Some links to look at:
- copairs [repo](https://github.com/cytomining/copairs)
- MitoCheck github [repo](https://github.com/WayScience/mitocheck_data)
- MitoCheck zenodo [repo](https://zenodo.org/records/7967386)

In [10]:
import gc
import sys
import pathlib

import copairs
import pandas as pd
import numpy as np

# imports src 
sys.path.append("../")
from src import utils

## Loading Downloaded Data

In this section, we load the MitoCheck single-cell datasets, including the training, positive controls, and negative controls. 
For detailed information about the dataset, please refer to the MitoCheck report mentioned above.
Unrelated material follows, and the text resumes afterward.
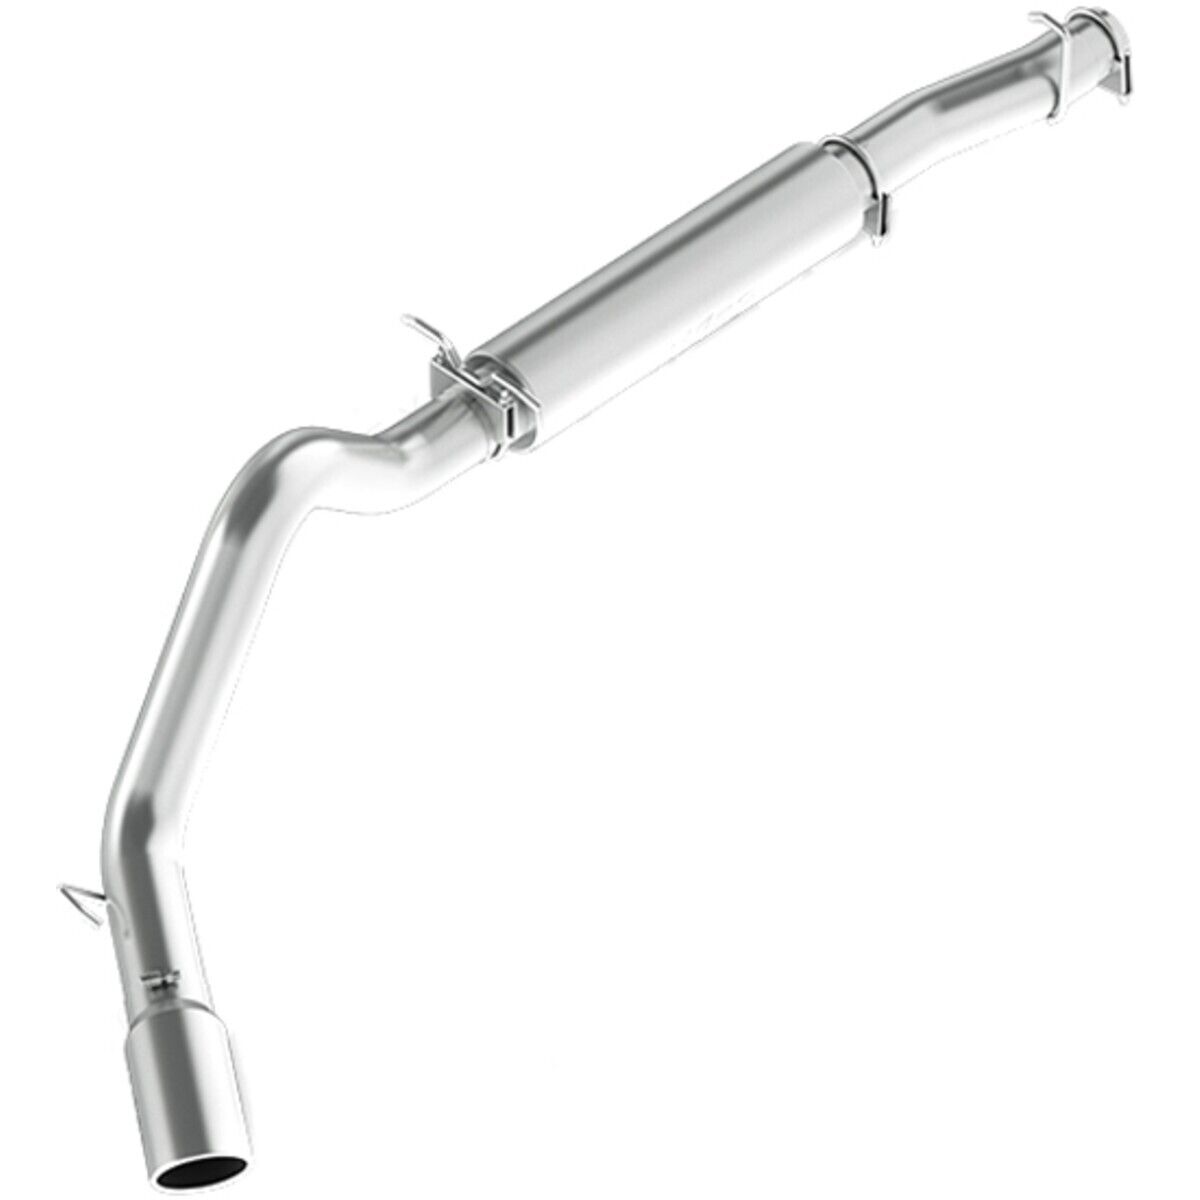 S6285AL MBRP Exhaust System for E350 Van Ford E-350 Club Wagon Super Duty 04-07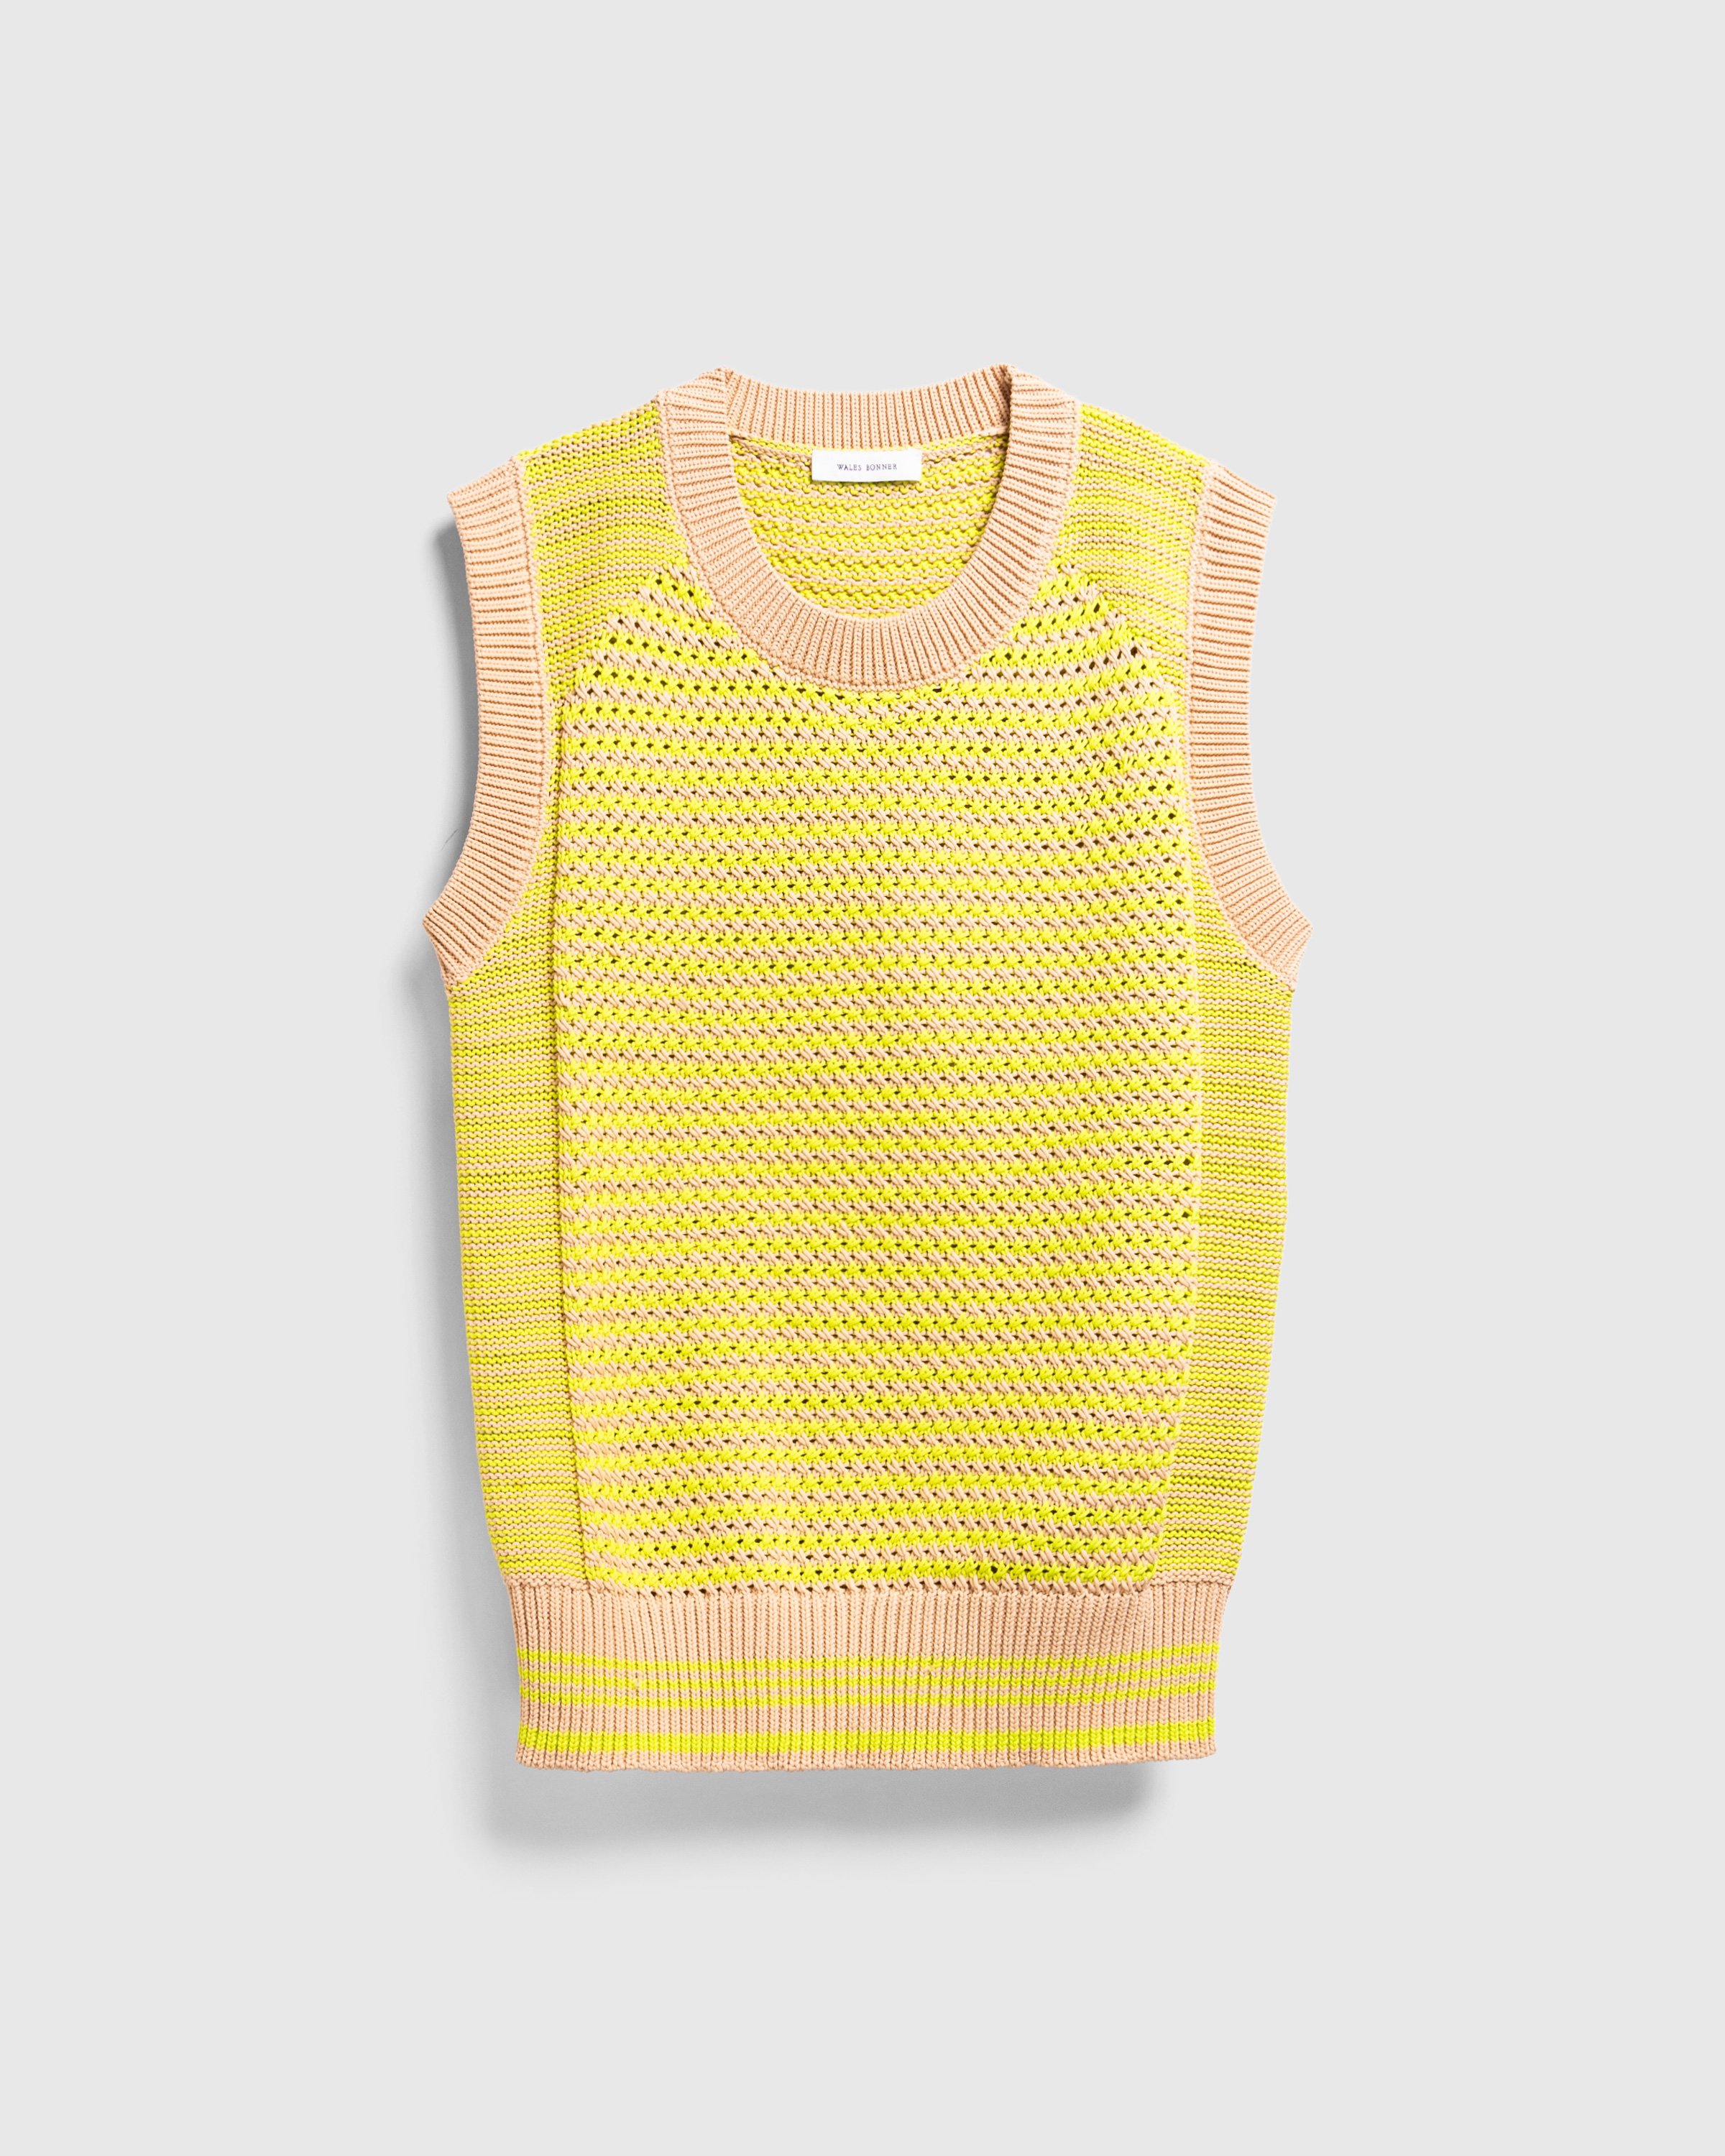 Wales Bonner - Vest Yellow - Clothing - Yellow - Image 1

After downloading the data, we perform formatting by dividing it into two sections. 
The first section comprises the metadata of each individual cell, while the second section presents all quantified features in a numpy array format.

This formatting is designed to easily integrate with the copairs `run_pipeline()` function, allowing for easy execution of the analysis.

In [None]:
# parameters
training_singlecell_data = pathlib.Path("../data/raw/training_data.csv.gz").resolve(strict=True)
pos_control_data = pathlib.Path("../data/raw/normalized_data/positive_control_data.csv.gz").resolve(strict=True)
neg_control_data = pathlib.Path("../data/raw/normalized_data/negative_control_data.csv.gz").resolve(strict=True)

In [16]:
# loading in the data into dataframe (~10min loading)
training_sc_data = pd.read_csv(training_singlecell_data).drop("Unnamed: 0", axis=1)
pos_control_sc_data = pd.read_csv(pos_control_data)
neg_control_sc_data = pd.read_csv(neg_control_data)


In [15]:
# seperating dataframe based on feature type 
train_sc_cp_dp_df, cp_df_feat_vals = utils.split_data(training_sc_data, dataset="CP_and_DP")
train_sc_cp_df, cp_feat_vals = utils.split_data(training_sc_data, dataset="CP")
train_sc_dp_df, dp_feat_vals = utils.split_data(training_sc_data, dataset="DP")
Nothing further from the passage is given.